Connecticut Asset Building Collaborative

c/o Connecticut Association for Human Services  ♦  237 Hamilton St., Suite 208   ♦  Hartford, CT  06106

(860) 951-2212 ♦   www.CTAssetBuilding.org  ♦  CTAssetBuilding@gmail.com

Recommendations supporting

Stable Families and a Strong Workforce

 

December 17, 2018

 

Since 2013, the Connecticut Asset Building Collaborative (CABC) has been the state’s leading organization to connect financial literacy practitioners and thought leaders to promote policies and practices that ensure stability for Connecticut families. The CABC supports Governor-elect Lamont’s proposals to increase the minimum wage and establish paid family and medical leave.  These measures will increase the financial stability of Connecticut families, address growing economic inequality and build a robust workforce that can earn and save towards higher education, home-ownership, retirement and emergency saving funds.  To maximize the impact of these policies changes, they must be bolstered with broad family economic security and workforce development initiatives. Ensuring the vigorous financial health of Connecticut families will enhance the state’s economy with a strong consumer base and reliable workforce for Connecticut businesses and employers.
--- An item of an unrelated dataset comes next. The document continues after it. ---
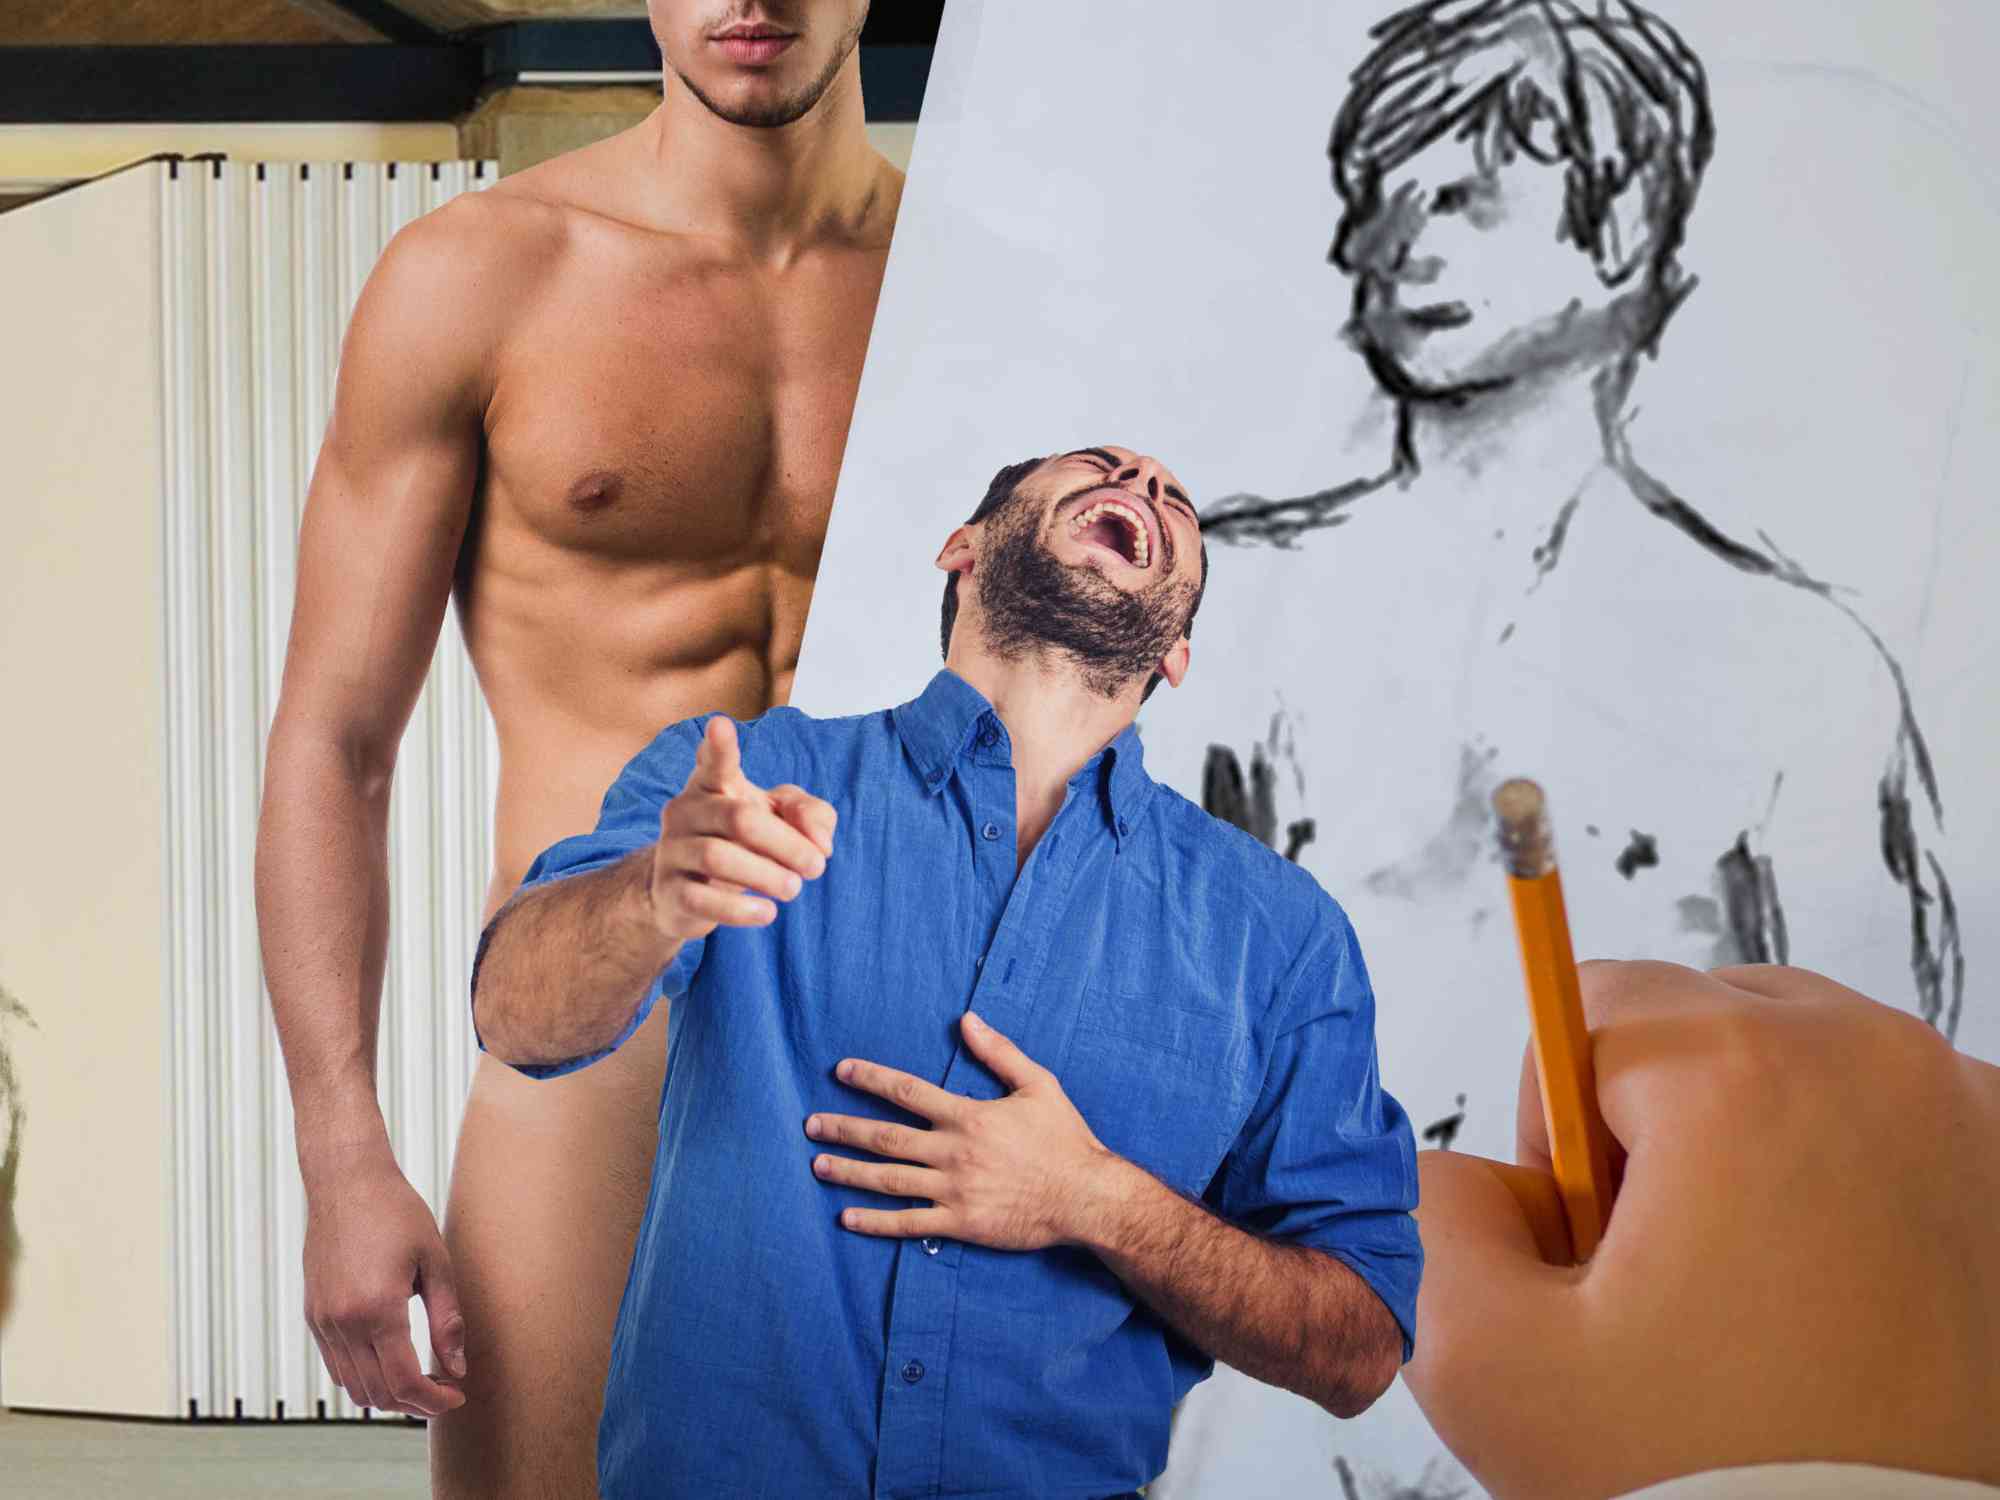 Cheap Stag Do Ideas in London - Life Drawing Stag Stitch-Up
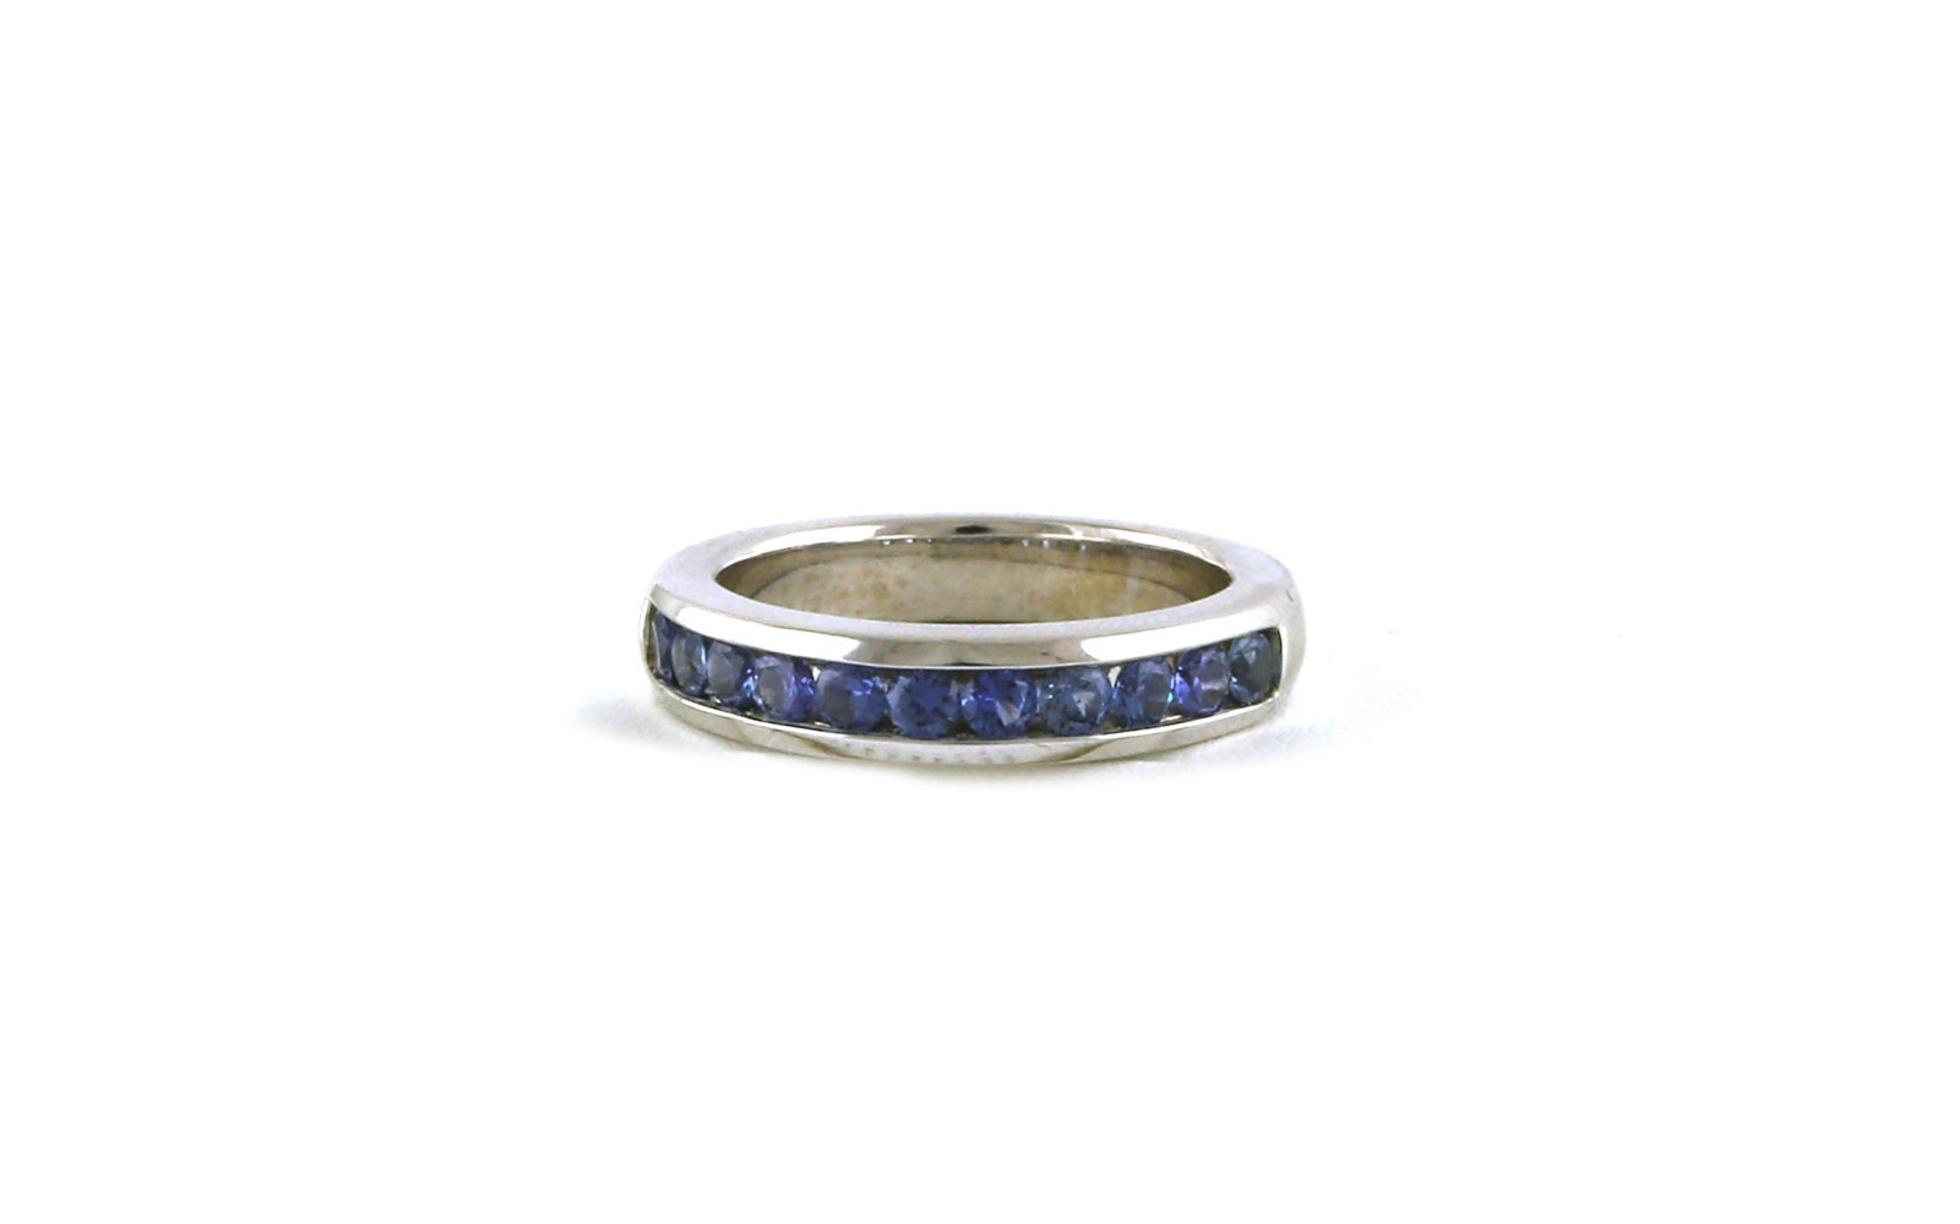 11-Stone Channel-set Montana Yogo Sapphire Band in White Gold (0.82cts TWT)

The following summarizes CABC’s policy and best-practice recommendations to expand opportunities for Connecticut families and enhance the incoming administration’s policy agenda to raise the minimum wage and mandate paid family medical leave:

     1. Support Financial Health of Low/Moderate Income Consumers

  • Promote strategies to reduce the burden of consumer debt and increase savings.
  • Increase publicity and expand the Volunteer Income Tax Assistance Program.
  • Support replication of the Financial Empowerment Center model.
  • Reduce/remove state imposed asset limits and benefit cliffs in public benefit programs that are disincentives for saving and employment.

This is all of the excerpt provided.